Выучившись дома читать, писать и считать, будущий художник попадает сначала в Александровский малолетний корпус в Царском Селе, а затем в петербургский Морской корпус, где завершает офицерское образование. В апреле 1860 г. Василий Верещагин блестяще сдал экзамены по 24 предметам и кончил Морской корпус первым учеником. Гвардейский экипаж, служба на лучших судах российского флота – таковы были перспективы, открывавшиеся перед молодым гардемарином. Но уже в старших классах он все свободное время отдавал занятиям живописью, ясней и ясней сознавая, что это и есть его истинное призвание. Преподаватели рисовальной школы при Бирже, которую посещал по вечерам Верещагин, поражались способностям настойчивого кадета. Вопреки желаниям родителей Верещагин добивается отставки и поступает в Академию художеств.

Содержалась она на средства императорского двора, президентом был обязательно член царской фамилии. Здесь хотели воспитывать верноподданных художников и ваятелей. Учеников заставляли копировать античные образцы, практиковаться в отвлеченных возвышенных сюжетах. Современность объявлялась вульгарной. Однако, Верещагину повезло. Он попал в класс профессора А.Т. Маркова, добрейшего «Колизея Фортуныча» (прозванного так за картины «Фортуна и нищий» и «Мученики в Колизее»), Единственный из профессоров Академии, он разрешал ученикам брать темы из окружающей жизни, не ограничиваясь обязательной казенной программой. Второй удачей явилось сближение с младшим преподавателем адъюнкт-профессором А.Е. Бейдеманом, который ввел юношу в круг демократически настроенной интеллигенции. Бейдеман переписывался с Герценом, дружил с иллюстраторами Гоголя Агиным и Бернардским, совместно с Л. Жемчужниковым и Л. Лагорио создал сатирический портрет «житейского философа» Козьмы Пруткова.

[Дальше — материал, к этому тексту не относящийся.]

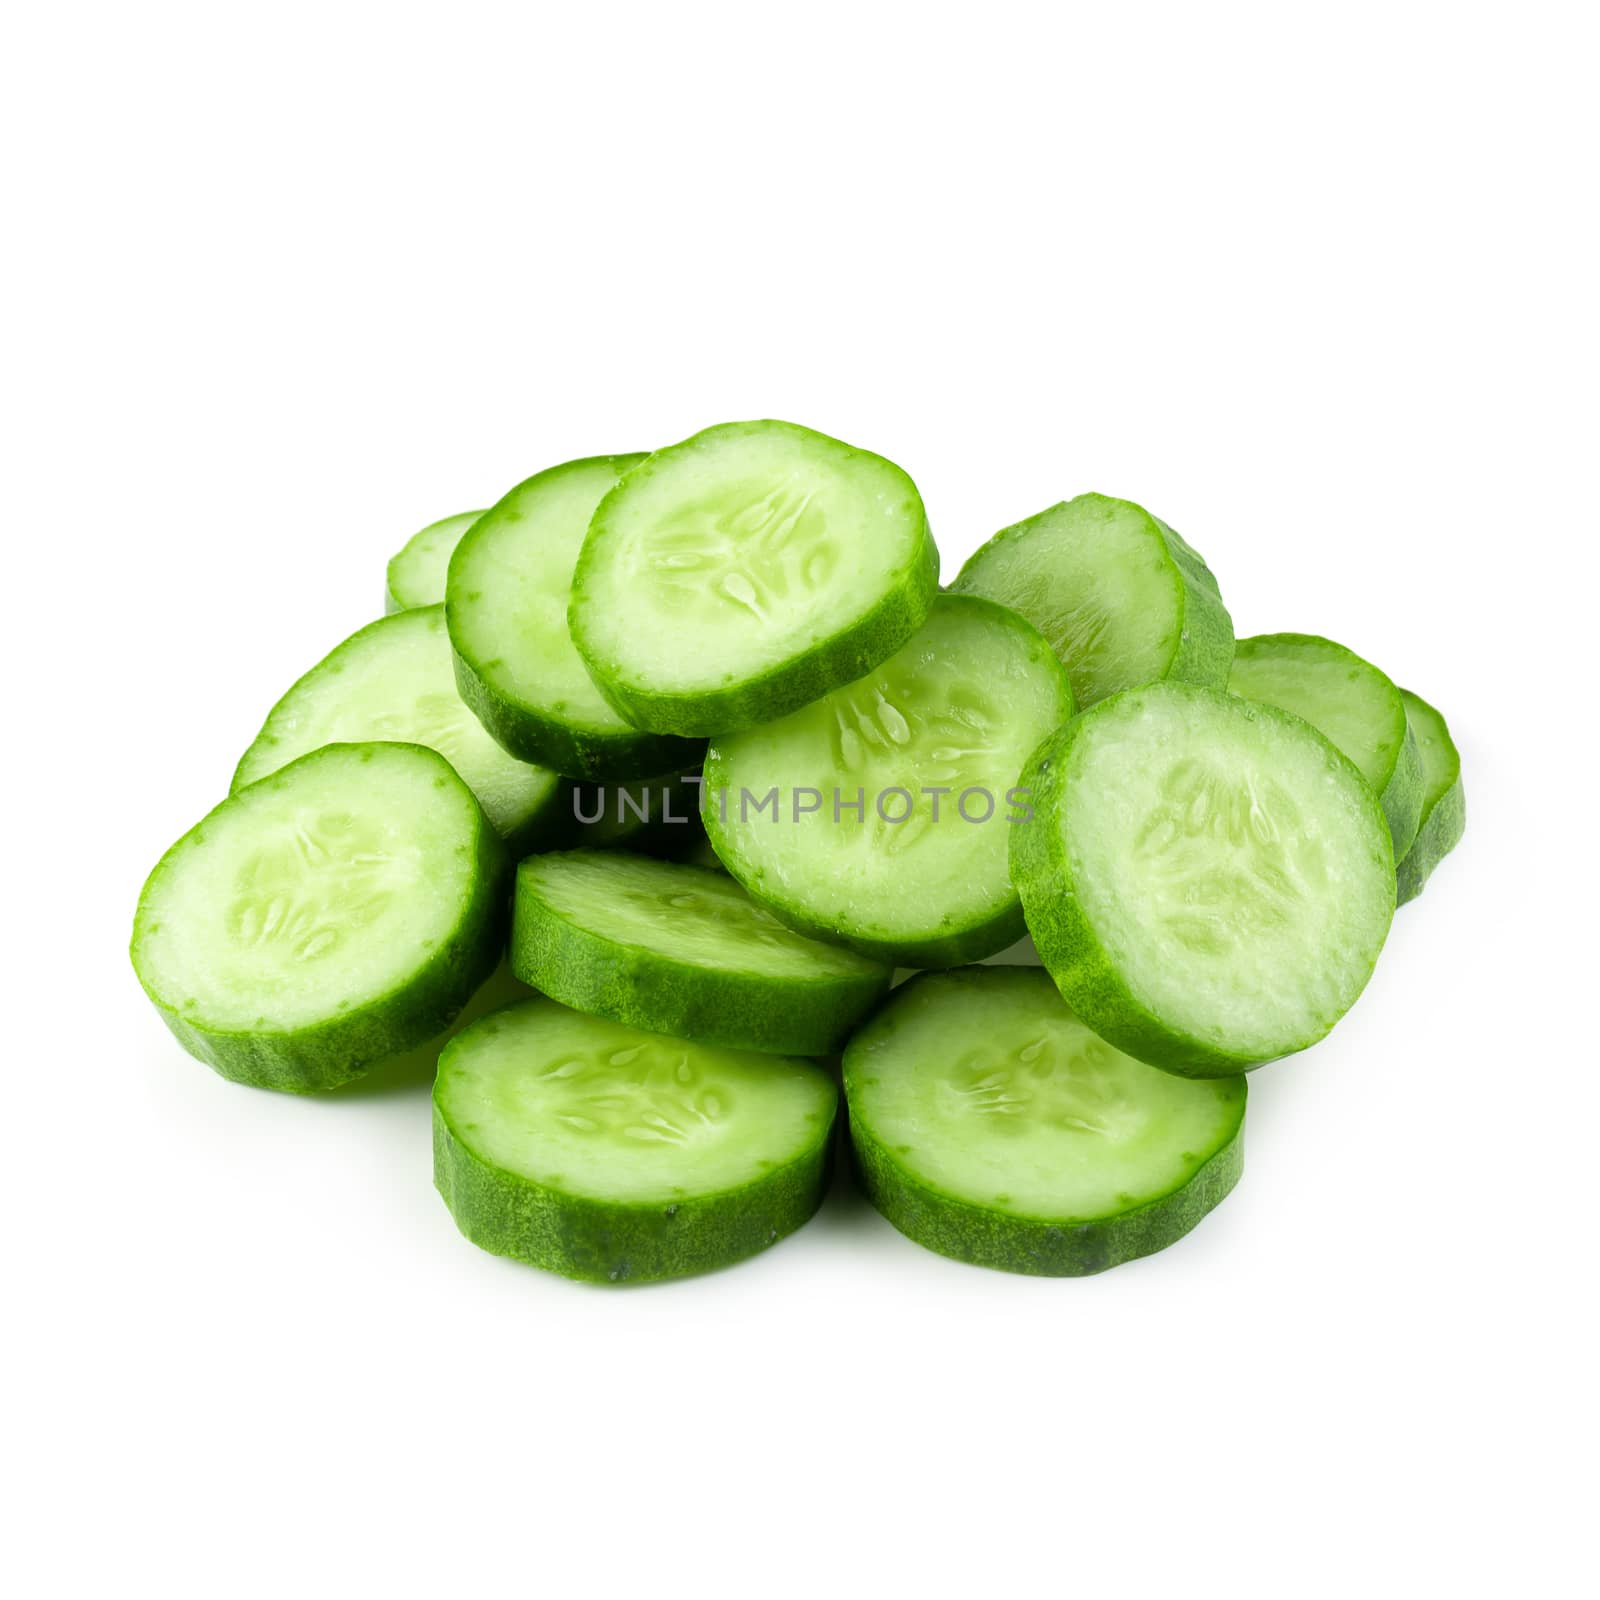 cucumber slice isolated over a white background by kaiskynet

Получив от академии главное, что она могла дать – технику, Верещагин, не кончив курса, летом 1863 г. уехал на Кавказ, чтобы больше не возвращаться под сень дорических колонн. С интересными рисунками с натуры молодой живописец отправляется в Париж, чтобы завершить свое образование в Школе изящных искусств у модного тогда художника и скульптора Ж.-Л. Жерома. Работы этого метра были рассчитаны на вкус буржуазного покупателя, не отличались глубиной. Зато Жером не признавал классического шаблона в композиции, смело применял новые сочетания тонов. После петербургской академической рутины такой подход к творчеству обогащал возможности художника, и Верещагин расширил свой кругозор и арсенал изобразительных средств. В духовные же вожди Жером не годился.

После двух поездок на Кавказ, где Верещагин сделал много набросков и рисунков, молодой живописец дебютировал в 1866 г. в прославленном парижском Салоне – выставочном зале Елисейского дворца. Публика интересовалась только произведениями, разрекламированными в печати, и полные экспрессии картоны молодого русского были замечены только знатоками. Из всех композиционных рисунков начинающего художника наибольшее впечатление произвела «Религиозная процессия в Шуше на празднике Мохаррем».

Верещагин вошел в историю живописи как величайший симфонист. Он создает монументальные циклы картин: туркестанский (1871–1874), индийско-гималайский (1875–1877, заключительная часть – в начале 80-х годов), балканский (1877–1881), «Наполеон I в России» (1886–1904, не окончен). До Верещагина серийность допускалась лишь в графике, где наиболее известные циклы создали француз Ж. Калло («Бедствия и несчастия войны», XVII век) и испанец Ф. Гойя («Бедствия войны», 1810–1813 гг.). Русский гений опрокинул застывшие каноны. Каждая из его серийных картин имеет самостоятельное значение и в то же время в сочетании с другими образует целый тематический ансамбль.

Около 70 раз выставлял Верещагин свои произведения на родине и за границей. В музеях СССР хранится 540 его работ маслом и свыше 800 рисунков. Не меньше 150 полотен Верещагина, в том числе триптих «На Шипке все спокойно», «В Кремле – пожар», «Английская казнь в Индии», «Святое семейство», попало в руки иностранных поклонников дарования нашего великого соотечественника.